Выбрать главу

Кланька орёт:

– Отдавайте сейчас жа! Всех засужу!..

А они:

– Гражданка, деньги заплачены.

– Вот вам ваши деньги! Отдавайте мужа, Снегирёва Василия Павловича!

А они ей:

– Снегирёв, – говорят, – Василий Павлович представляет огромный интерес для науки. Мы, – говорят,– такой экземпляр сто лет искали. Теперь, – говорят, – он наш, а вам, гражданка, до свидания.

Кланька в рёв:

– Кого жа я хоронить-то буду?.. Хоть чего отдайте, ироды!

А они:

– Ничего не дадим. Нам всё нужно. Для той же науки.

Это надо же: к живому без интереса, а за мертвого драка.

Видит Кланька – дело тухлое. Позвала нас:

– Ребяты! – говорит. – Володя! Коля! Серёга! Иван! Желаю я могилку иметь. С табличкой. Чтобы было где цветы садить. Было куда прийти – поминать.

– Кланя, – говорим, – ты права. Имеешь такое законное право.

– Ребяты, – просит, – сделайте. В память друга своего, Снегирёва Василия Павловича.

Подумали мы и говорим:

– Сделаем, Кланя. Только денег дай.

– Ребяты, сколько хошь!

Поехали мы на кладбище, мужичков разыскали. Стоят гладиаторы, глиной обляпанные, рожи красные, невпроворот. И водярой от них разит – хоть закусывай.

– Так, мол, и так, – объясняем. – Нужна, мужики, могилка. Без конторы, без документов, без покойника. Можете?

– Можем, – говорят. – Чего ж не можем? Ежели оно, конечно, того-сего, туда-сюда, пятое-десятое...

– Это, – говорим, – конечно. За этим не постоим.

– Завтра, – велят, – после обеда. Кого хошь похороним.

Завтра после обеда едем. Кланька, теща мелкозубая, Серёга, Колюня, мы с Иваном. А эти, гладиаторы, уже ждут. Отвели нас в самый край, к забору, могилку показывают. Ничего себе могилка, и место тихое, только время – оно осеннее, яма в воде почти что доверху.

Стою я, гляжу, думаю :

– Чего это мы Полуторку в воду класть будем? Человека хорошего? Друга закадычного? С которым пили-разливали? Негоже как-то.

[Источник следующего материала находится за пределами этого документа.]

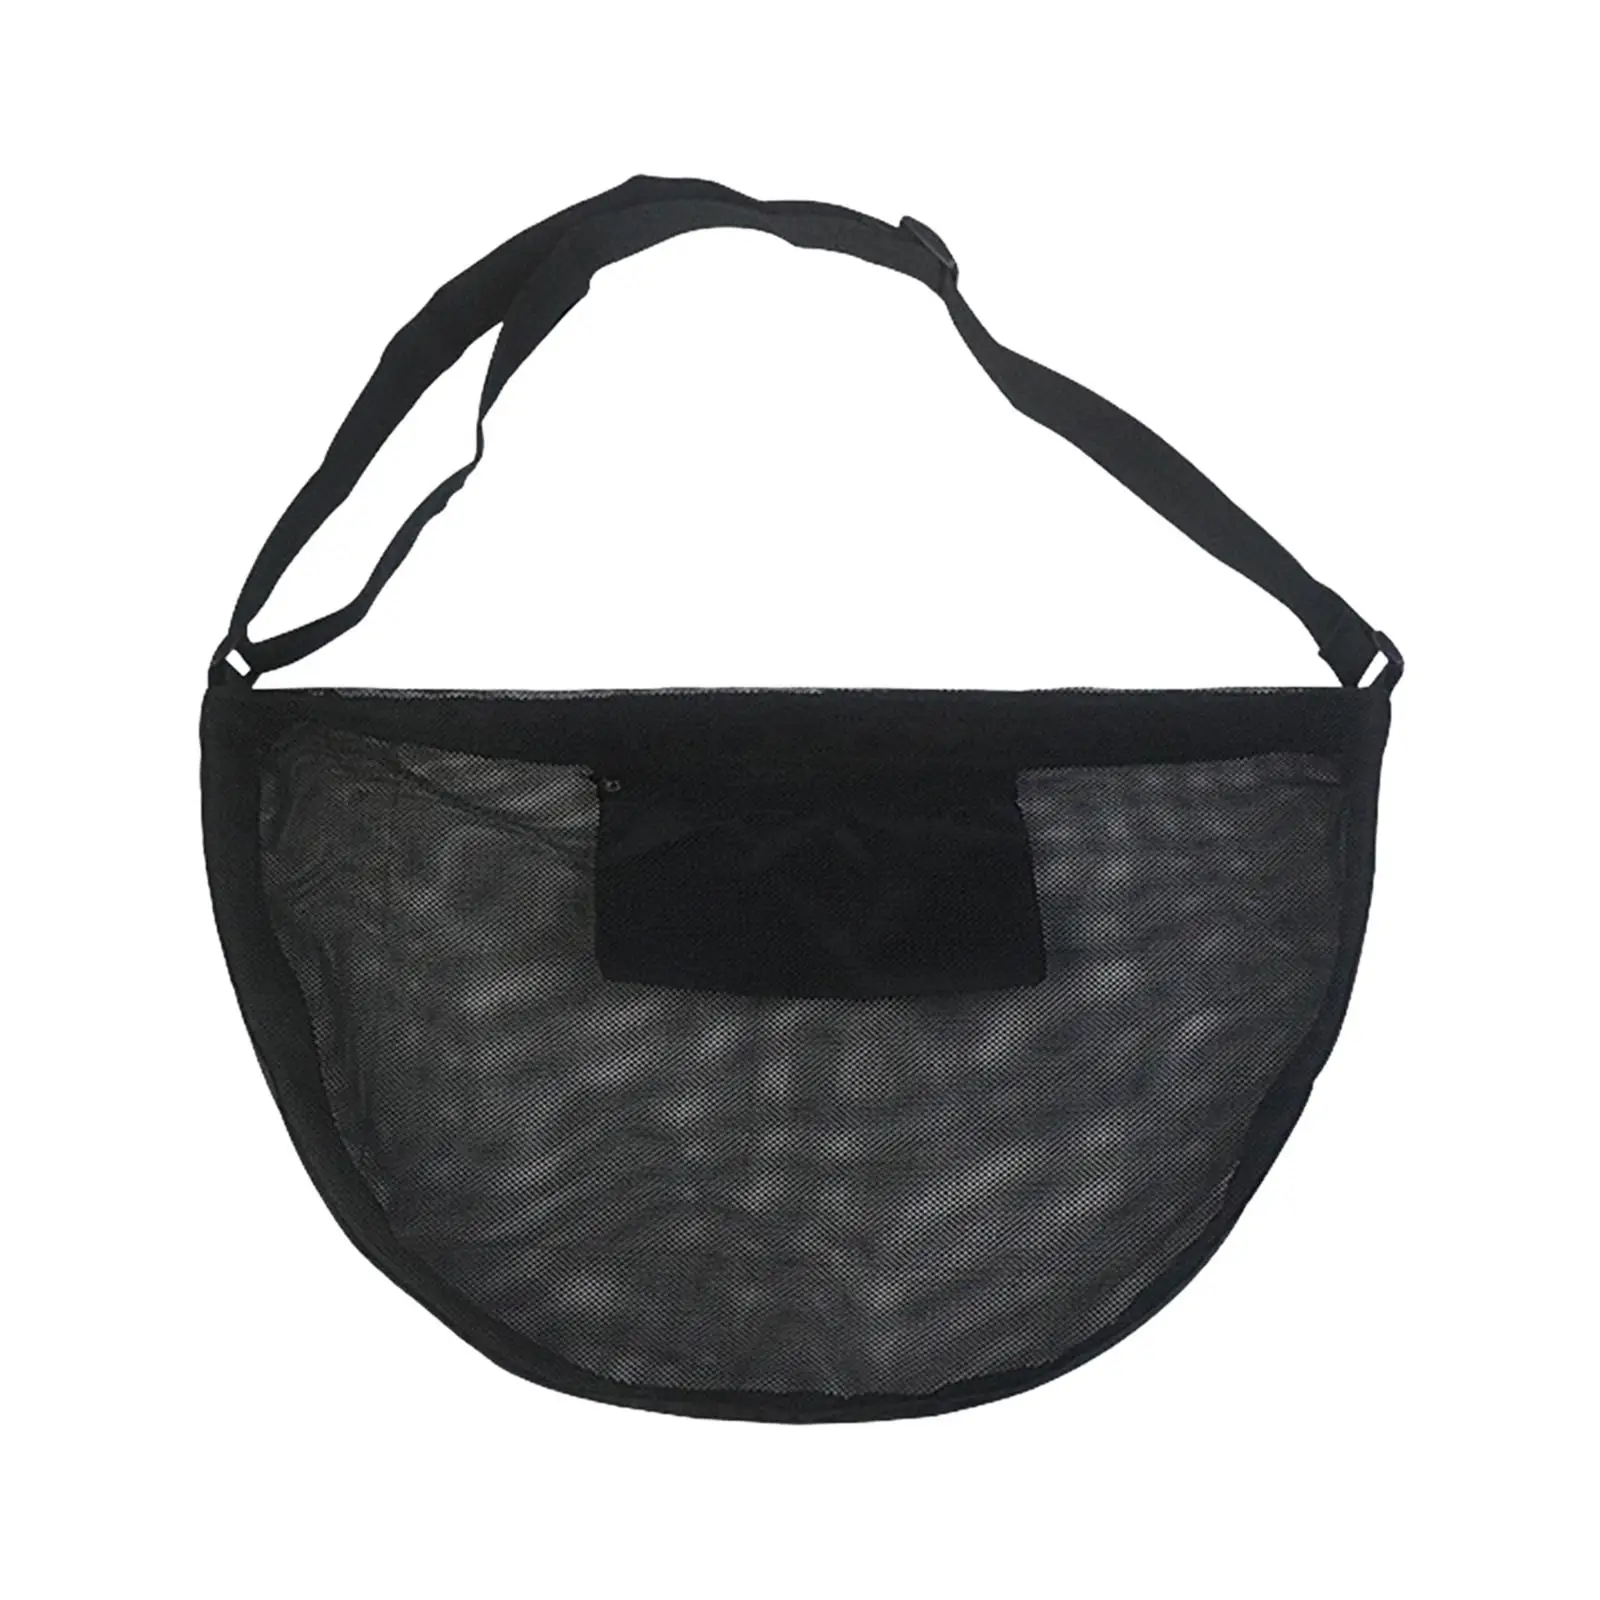 Basketball Shoulder Bag Durable Basketball Mesh Bag for Volleyball
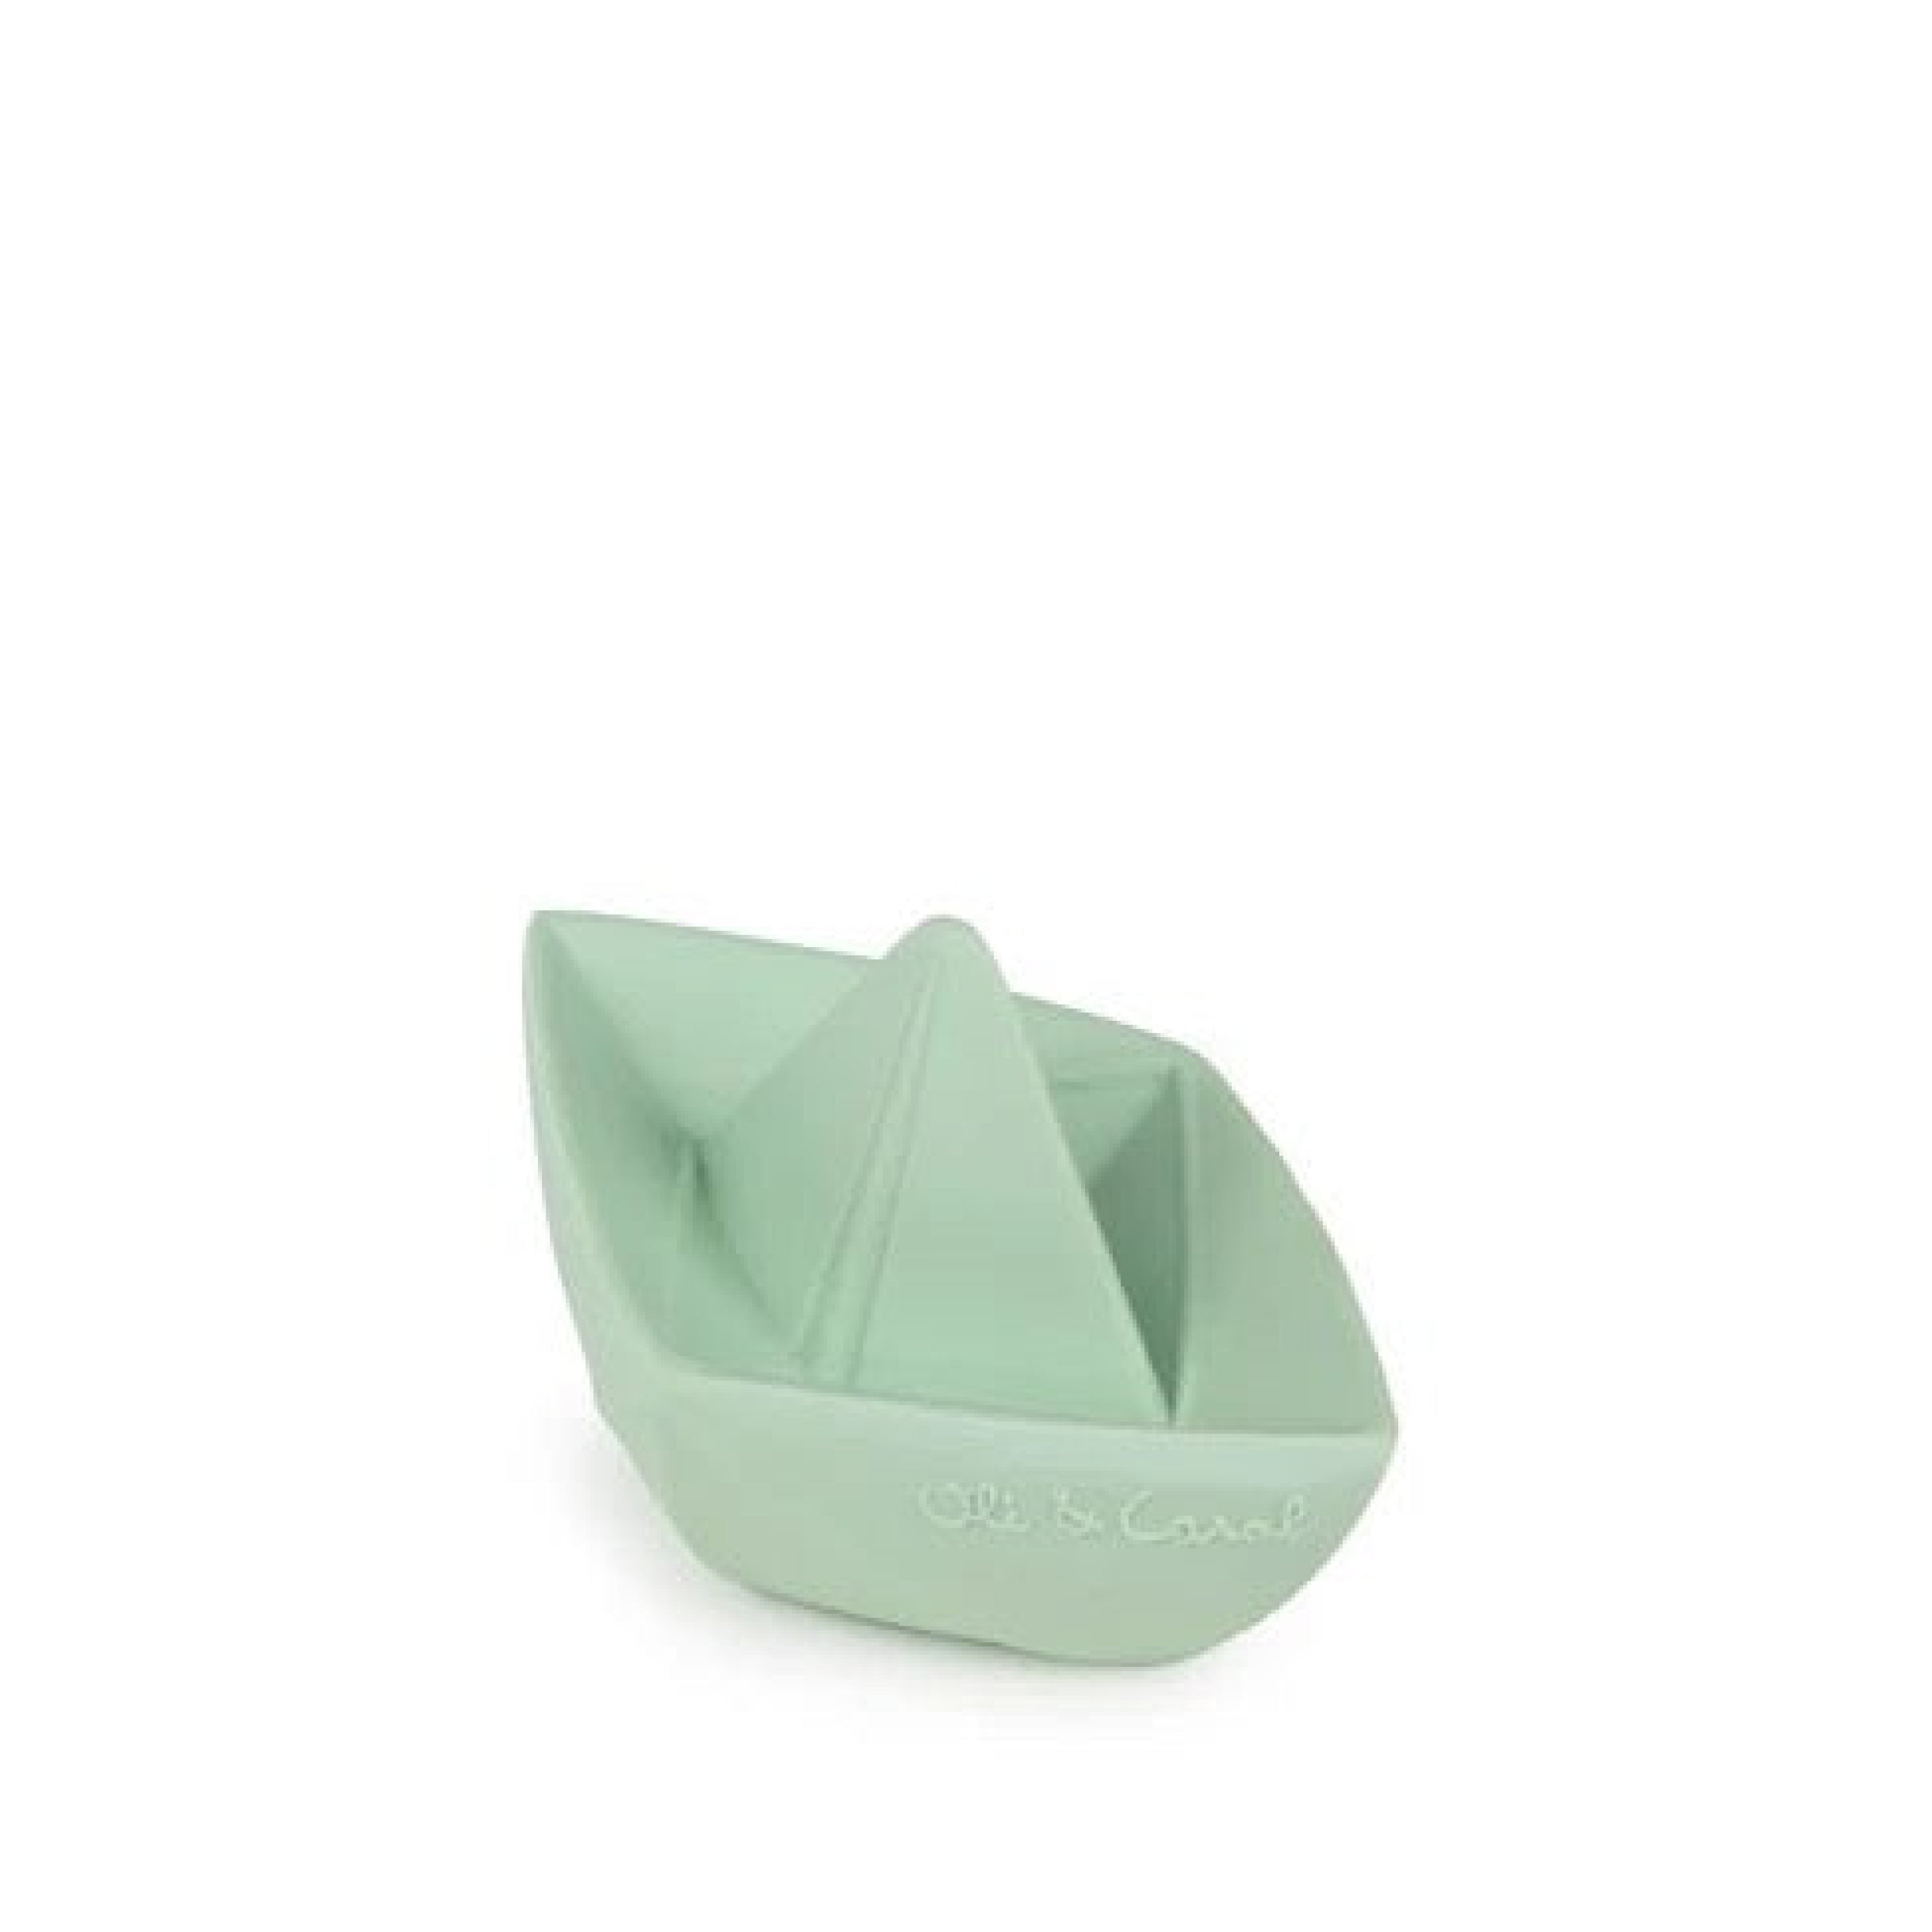 Baby Beißring Teether Oli & Carol Origami Boot in mint aus Naturkautschuk und von Hand bemalt mit speiseechten Farben - 100% natürlich von Oli und Carol bei kinder und konsorten Düsseldorf

Зову гладиаторов, отвожу в сторонку:

– Так, мол, и так, мужики. Нам бы чего посуше.

А от них водярой разит – почище вчерашнего.

– Посуше? – говорят. – Можно и посуше. Ежели оно, конечно, того-сего, так-сяк, туда-сюда... Только сверху за это – тридцатничек.

Я к Кланьке:

– Кланя, так и сяк, того-сего, туда-сюда... Чего скажешь?

А она:

– Володя! Да о чем речь? Неужто я пожалею? Неужто мы Снегирёва Василия Павловича в воду класть станем? Что жа он, сухого места не заслужил?

Я опять к ним:

– Мужики, порядок.

Повели они нас по забору, на бугорок, повыше. Стоит могилка копаная, чистенькая, сухонькая – одно загляденье. Сосна в головах растет, иголочками вокруг посыпано. Будто песочком желтеньким.

– Вот, – говорят, – полюбуйтесь. Друг ваш лежать будет, век благодарить. Тихое место, министерское, для академиков.

А я:

– Он у нас и есть из академии. Не слыхали? Снегирёв Василий Павлович.

– Некогда, – говорят, – нам лялякать. У нас лопаты простаивают. Время, – говорят, – на кладбище – оно деньги.

Постояли мы над могилкой, Кланька слезу пустила, теща за ней, мы с ребятами загрустили. Потом землей засыпали, холмик навалили, табличку воткнули. Всё чин по чину.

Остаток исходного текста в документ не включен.